I've been running the unsloth 200GB dynamic quantisation with 8k context on my 6...

TeMPOraL · 2025-02-01T13:20:16 1738416016

To add another datapoint, I've been running the 131GB (140GB on disk) 1.58 bit dynamic quant from Unsloth with 4k context on my 32GB Ryzen 7 2700X (8 cores, 3.70 GHz), and achieved exactly the same speed - around 0.15 tps on average, sometimes dropping to 0.11, tps occasionally going up to 0.16 tps. Roughly 1/2 of your specs, roughly 1/2 smaller quant, same tps.

I've had to disable the overload safeties in LM Studio and tweak with some loader parameters to get the model to run mostly from disk (NVMe SSD), but once it did, it also used very little CPU!

I tried offloading to GPU, but my RTX 4070 Ti (12GB VRAM) can take at most 4 layers, and it turned out to make no difference in tps.
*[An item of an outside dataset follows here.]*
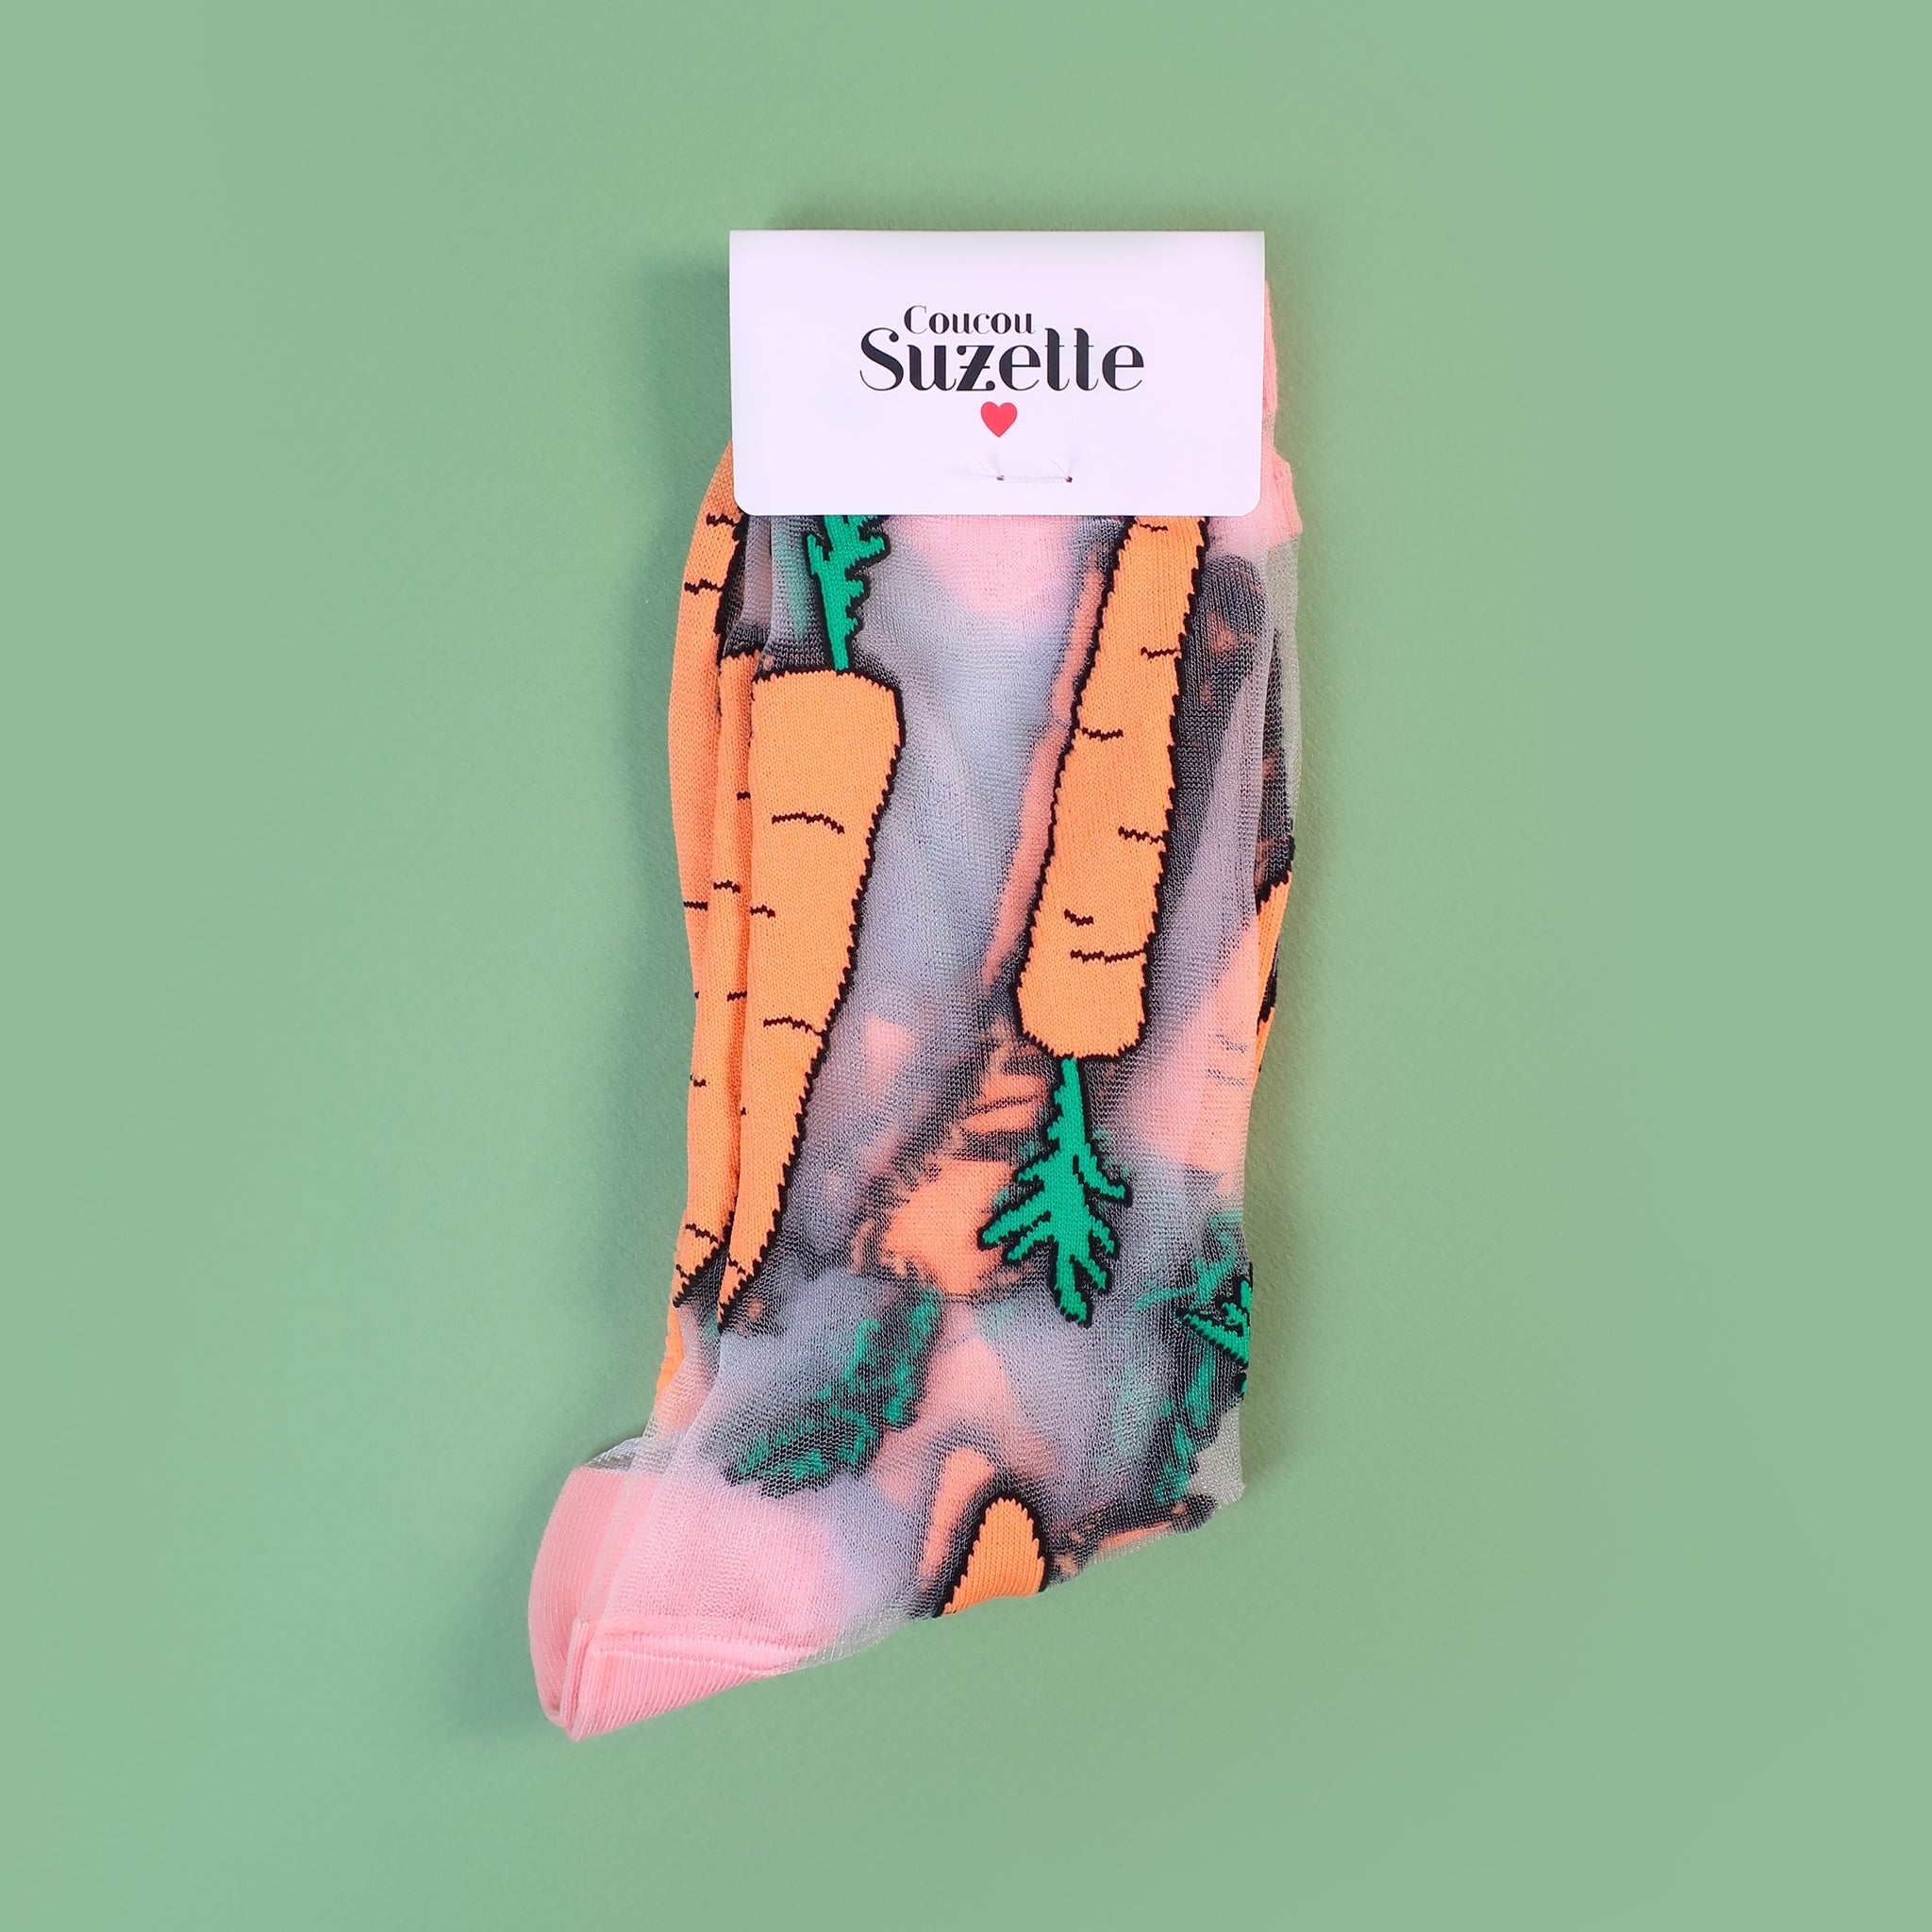 Coucou Suzette - Sheer Carrot Socks

My RAM is DDR4, maybe switching to DDR5 would improve things? Testing that would require replacing everything but the GPU, though, as my motherboard is too old :/.

Eisenstein · 2025-02-01T14:50:27 1738421427

More channels > faster ram.

Some math:

DDR5 6000 is 3000mhz x 2 (double data rate) x 64 bits / 8 for bytes = 48000 /1000 = 48GB/s

DDR3 1866 is 933mhz x 2 x 64 / 8 / 1000 = 14.93GB/s. If you have 4 channels that is 4 x 14.93 = 59.72GB/s

kristianp · 2025-02-01T23:05:04 1738451104

For a 131GB model, the biggest difference would be to fit it all in RAM, eg get 192GB of RAM. Sorry if this is too obvious, but it's pointless to run an llm if it doesn't fit in ram, even if it's an MOE model. And also obviously, it may take a server motherboard and cpu to fit that much RAM.

numpad0 · 2025-02-01T23:52:48 1738453968

I wonder if one could just replicate the "Mac mini LLM cluster" setup over Ethernet of some form and 128GB per node of DDR4 RAM. Used DDR4 RAM with likely dead bits are dirt cheap, but I would imagine that there will be challenges linking systems together.

conor_mc · 2025-02-01T17:51:38 1738432298

I wonder if the, now abandoned, Intel Optane drives could help with this. They had very low latency, high IOPS, and decent throughput. They made RAM modules as well. A ram disk made of them might be faster.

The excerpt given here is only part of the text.